__Exercise details__.
Without any of the pictures, set down the data below exactly.

╭─ Data section

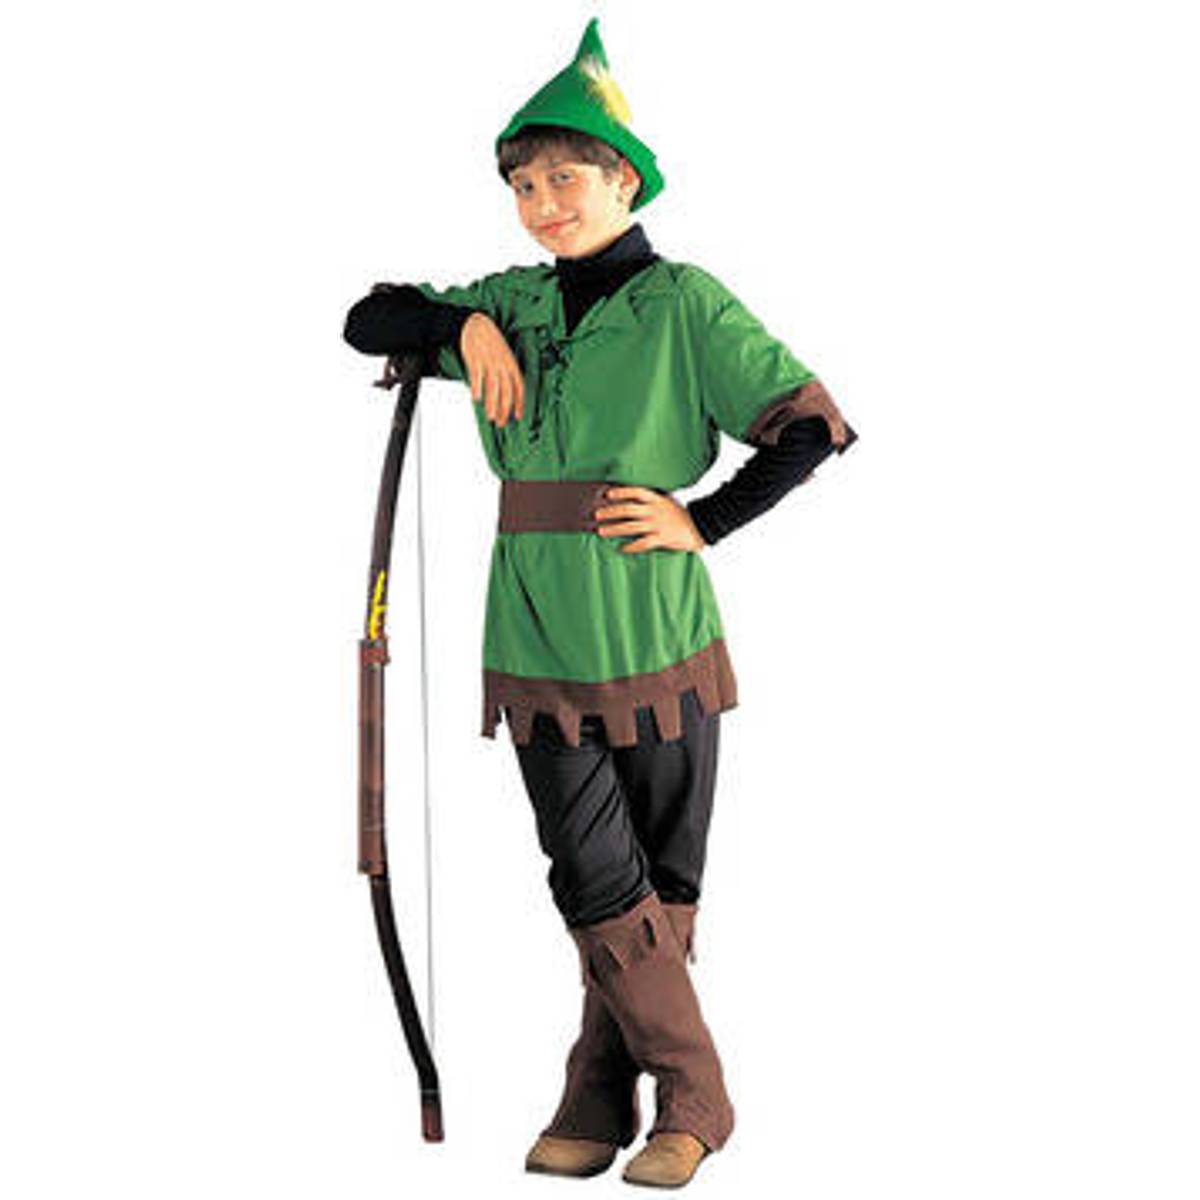 Robin hood kostume børn • Find billigste pris hos PriceRunner nu »
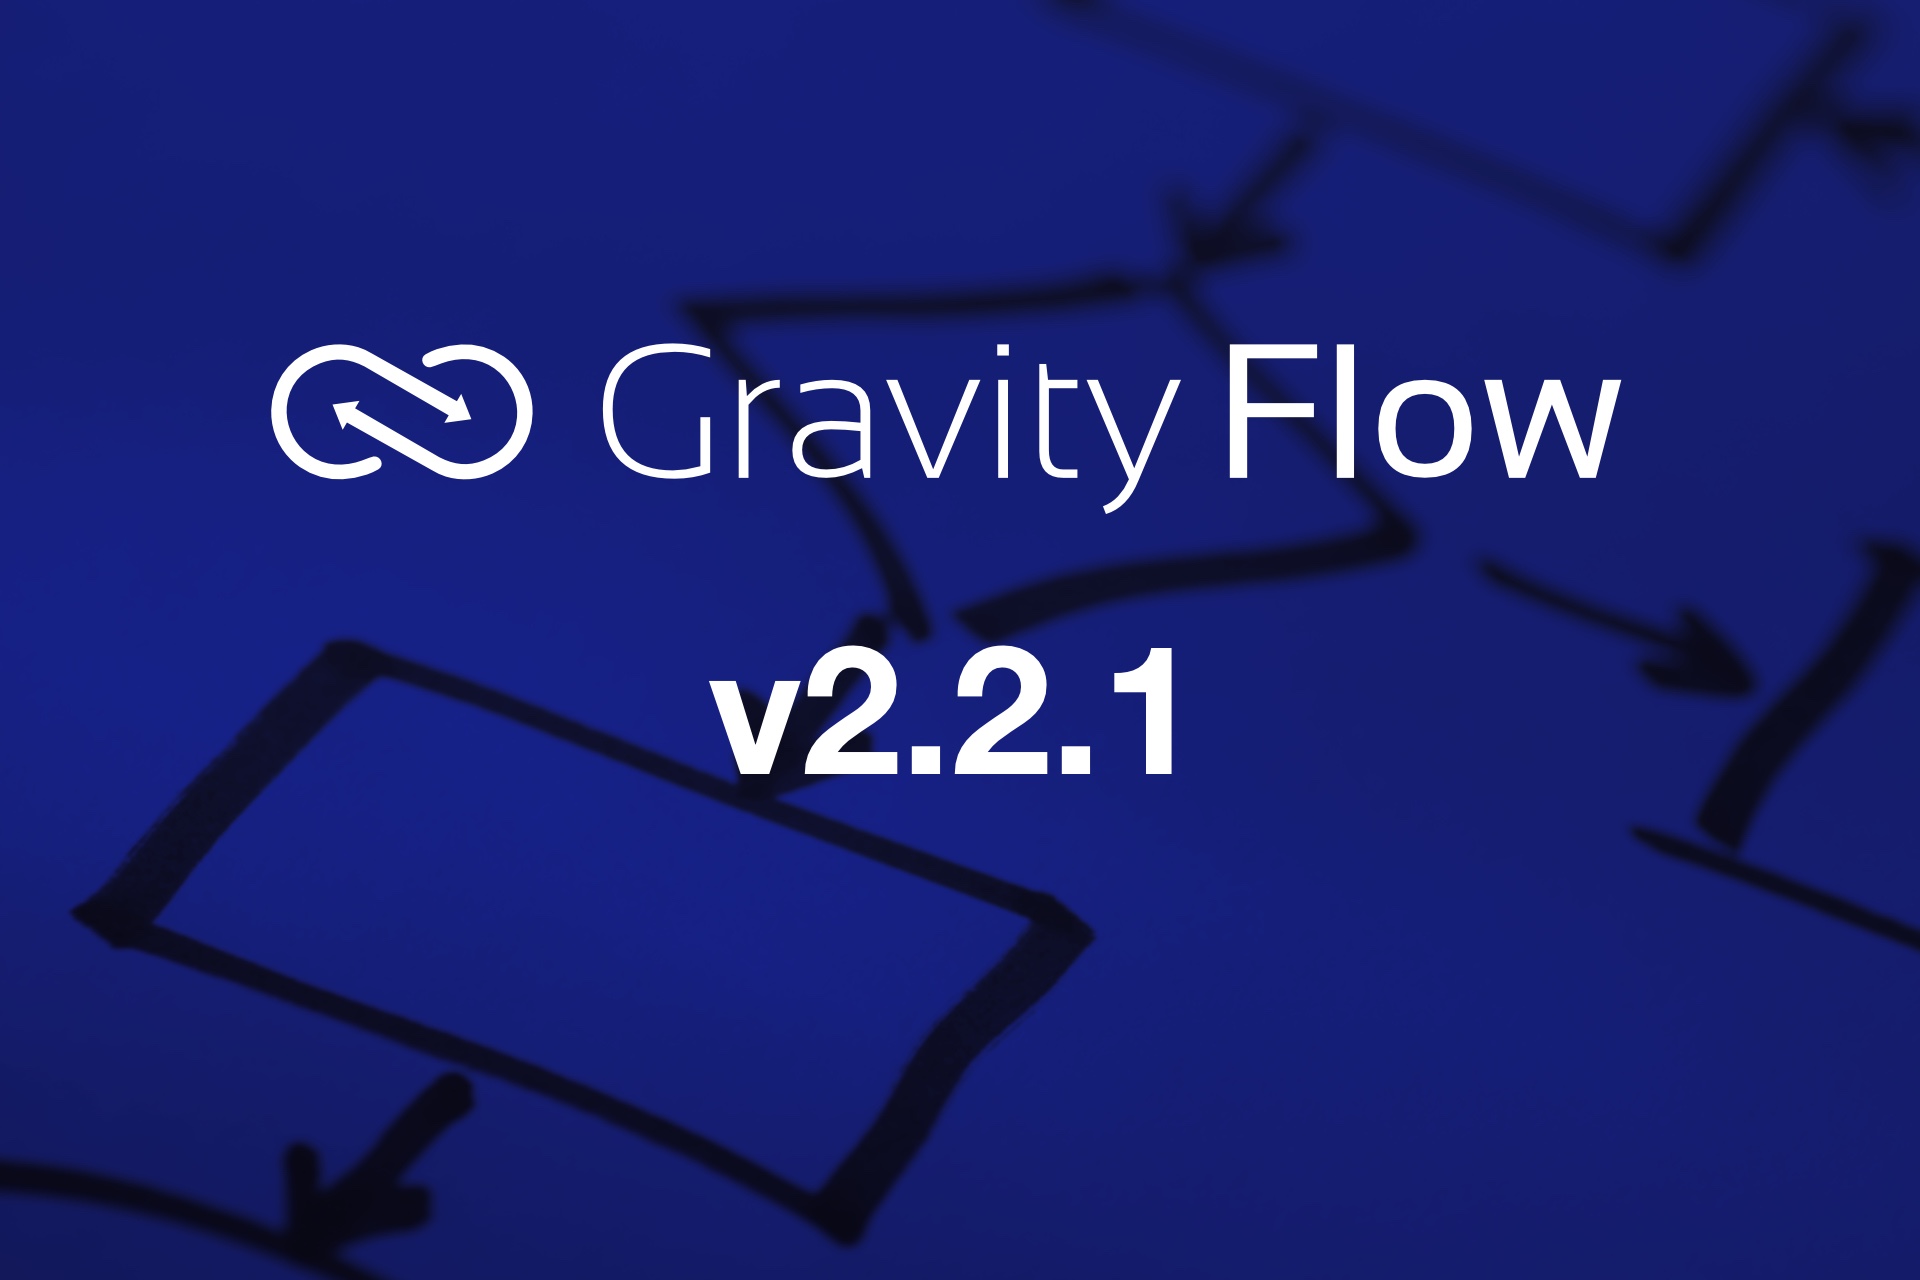 Gravity Flow v2.2.1 Released
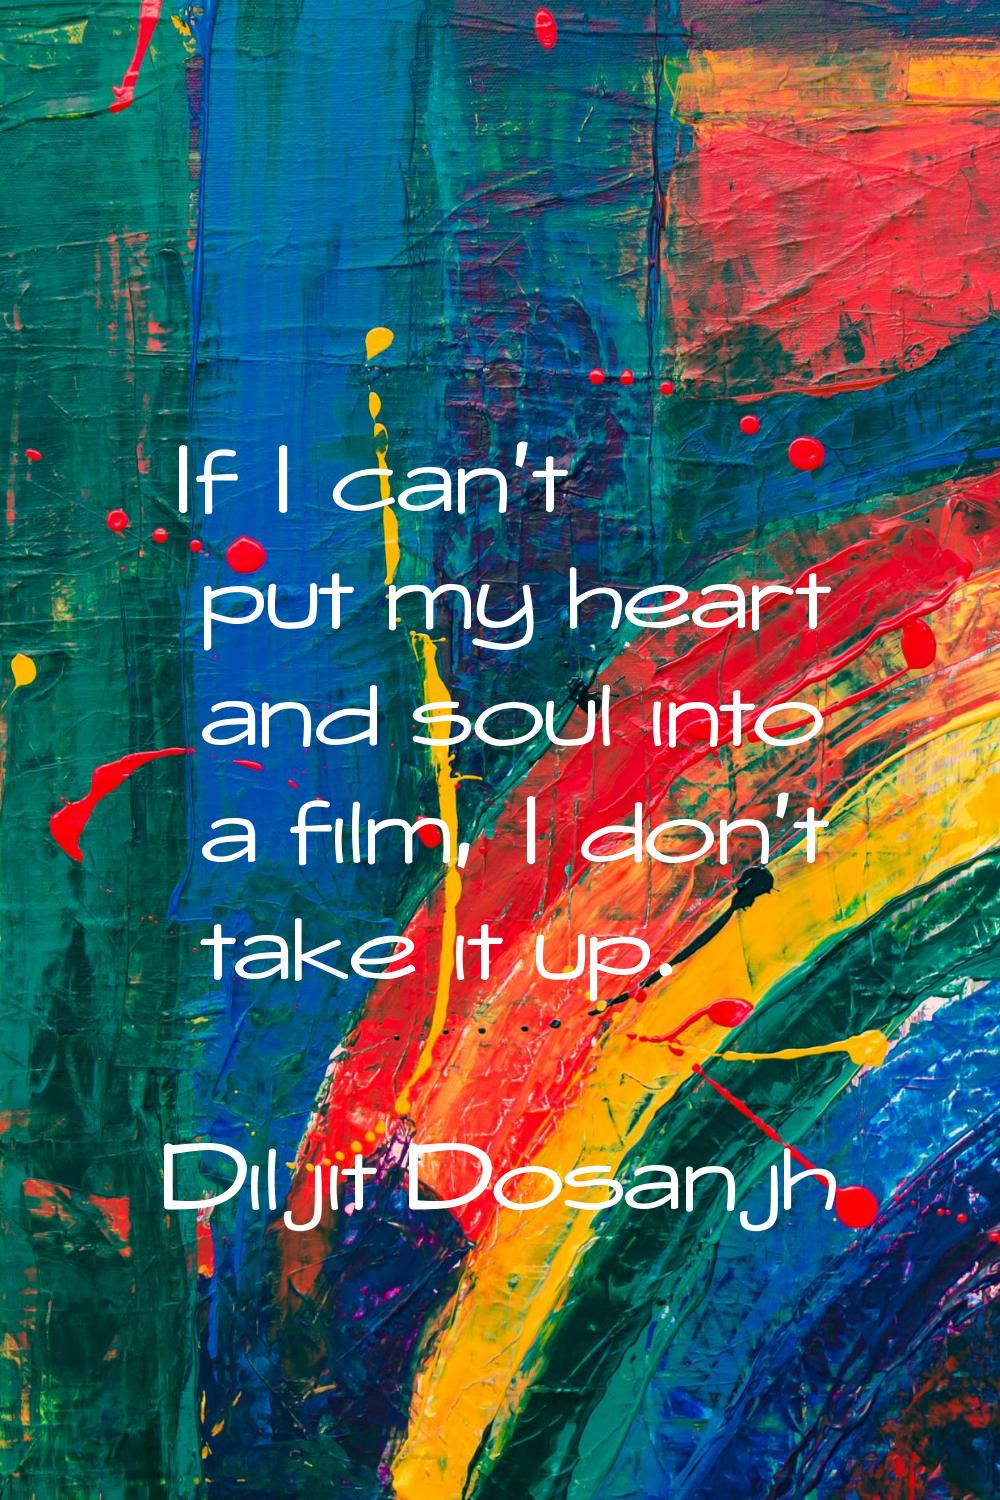 If I can't put my heart and soul into a film, I don't take it up.

╰─

__Written response__.
 Robin hood kostume børn • Find billigste pris hos PriceRunner nu »
 Gravity Flow v2.2.1 Released
 If I can't put my heart and soul into a film, I don't take it up.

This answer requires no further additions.